Go to the line containing "FREE: Wife for a While by Lorna Baldwin" in the records below and print it and every following line exactly, on through the line containing "Nicole was in", then stop.
[Records supplied Boundary: Start]
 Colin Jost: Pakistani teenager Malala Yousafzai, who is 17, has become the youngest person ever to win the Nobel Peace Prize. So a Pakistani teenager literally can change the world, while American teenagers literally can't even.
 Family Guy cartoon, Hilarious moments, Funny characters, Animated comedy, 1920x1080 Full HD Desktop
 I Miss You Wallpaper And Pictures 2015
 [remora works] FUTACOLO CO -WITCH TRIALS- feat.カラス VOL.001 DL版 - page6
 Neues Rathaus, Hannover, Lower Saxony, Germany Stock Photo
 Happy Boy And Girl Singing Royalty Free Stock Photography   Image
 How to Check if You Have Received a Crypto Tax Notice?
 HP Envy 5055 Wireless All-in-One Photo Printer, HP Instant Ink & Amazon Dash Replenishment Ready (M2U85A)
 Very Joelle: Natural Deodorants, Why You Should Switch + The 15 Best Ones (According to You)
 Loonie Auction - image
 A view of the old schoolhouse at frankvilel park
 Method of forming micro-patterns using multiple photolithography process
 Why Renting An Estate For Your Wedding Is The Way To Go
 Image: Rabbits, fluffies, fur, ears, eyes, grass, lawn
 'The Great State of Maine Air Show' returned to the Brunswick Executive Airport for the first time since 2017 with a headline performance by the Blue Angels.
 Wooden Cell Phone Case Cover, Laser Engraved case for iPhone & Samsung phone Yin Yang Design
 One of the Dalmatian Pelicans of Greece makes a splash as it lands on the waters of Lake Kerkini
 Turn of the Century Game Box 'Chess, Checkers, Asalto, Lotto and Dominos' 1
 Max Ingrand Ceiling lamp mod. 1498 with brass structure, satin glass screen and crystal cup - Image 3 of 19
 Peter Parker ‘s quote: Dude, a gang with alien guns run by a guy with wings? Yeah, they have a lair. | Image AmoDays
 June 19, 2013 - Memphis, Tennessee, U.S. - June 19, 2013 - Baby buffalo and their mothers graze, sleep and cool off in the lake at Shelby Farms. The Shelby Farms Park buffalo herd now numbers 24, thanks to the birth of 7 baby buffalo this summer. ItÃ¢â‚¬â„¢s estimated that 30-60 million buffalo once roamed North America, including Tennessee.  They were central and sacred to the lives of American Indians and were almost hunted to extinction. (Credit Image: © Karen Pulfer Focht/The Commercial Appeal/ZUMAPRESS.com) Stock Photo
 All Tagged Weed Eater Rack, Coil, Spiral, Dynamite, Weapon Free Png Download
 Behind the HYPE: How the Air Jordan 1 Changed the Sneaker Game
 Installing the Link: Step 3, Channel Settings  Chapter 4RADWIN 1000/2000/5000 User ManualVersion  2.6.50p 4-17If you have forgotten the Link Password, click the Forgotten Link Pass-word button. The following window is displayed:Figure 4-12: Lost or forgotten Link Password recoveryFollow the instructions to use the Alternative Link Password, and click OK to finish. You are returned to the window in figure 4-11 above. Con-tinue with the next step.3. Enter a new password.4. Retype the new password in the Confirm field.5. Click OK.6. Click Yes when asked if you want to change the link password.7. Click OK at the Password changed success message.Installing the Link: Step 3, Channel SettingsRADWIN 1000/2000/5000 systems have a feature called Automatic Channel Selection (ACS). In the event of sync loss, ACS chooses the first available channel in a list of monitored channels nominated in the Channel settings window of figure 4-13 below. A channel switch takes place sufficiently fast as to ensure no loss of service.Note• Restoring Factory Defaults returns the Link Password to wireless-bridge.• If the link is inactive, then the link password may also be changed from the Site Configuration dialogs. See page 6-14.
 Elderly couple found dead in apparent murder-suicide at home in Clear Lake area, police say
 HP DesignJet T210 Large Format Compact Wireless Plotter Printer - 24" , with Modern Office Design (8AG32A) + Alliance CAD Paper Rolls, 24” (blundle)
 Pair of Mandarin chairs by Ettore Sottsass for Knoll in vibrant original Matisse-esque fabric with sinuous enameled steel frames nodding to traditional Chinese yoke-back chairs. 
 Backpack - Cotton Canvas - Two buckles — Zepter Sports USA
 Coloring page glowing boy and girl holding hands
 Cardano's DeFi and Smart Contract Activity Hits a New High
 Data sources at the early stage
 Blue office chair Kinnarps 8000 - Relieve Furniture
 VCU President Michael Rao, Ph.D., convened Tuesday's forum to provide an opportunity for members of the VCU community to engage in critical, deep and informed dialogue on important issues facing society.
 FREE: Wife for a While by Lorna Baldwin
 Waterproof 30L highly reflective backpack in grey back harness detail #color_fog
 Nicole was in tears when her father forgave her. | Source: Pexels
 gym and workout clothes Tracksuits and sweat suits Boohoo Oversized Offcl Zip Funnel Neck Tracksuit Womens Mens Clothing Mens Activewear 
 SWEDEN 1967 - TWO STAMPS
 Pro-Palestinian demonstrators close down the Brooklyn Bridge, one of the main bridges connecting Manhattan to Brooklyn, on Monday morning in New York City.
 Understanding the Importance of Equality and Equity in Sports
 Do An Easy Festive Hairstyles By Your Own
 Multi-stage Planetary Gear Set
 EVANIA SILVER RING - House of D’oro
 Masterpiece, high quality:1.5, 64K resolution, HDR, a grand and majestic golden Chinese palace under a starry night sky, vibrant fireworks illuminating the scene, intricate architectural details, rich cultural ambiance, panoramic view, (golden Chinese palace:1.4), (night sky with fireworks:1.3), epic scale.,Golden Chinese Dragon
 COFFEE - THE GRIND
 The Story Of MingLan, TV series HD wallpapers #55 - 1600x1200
[Records supplied Boundary: End]
## Solution
 FREE: Wife for a While by Lorna Baldwin
 Waterproof 30L highly reflective backpack in grey back harness detail #color_fog
 Nicole was in tears when her father forgave her. | Source: Pexels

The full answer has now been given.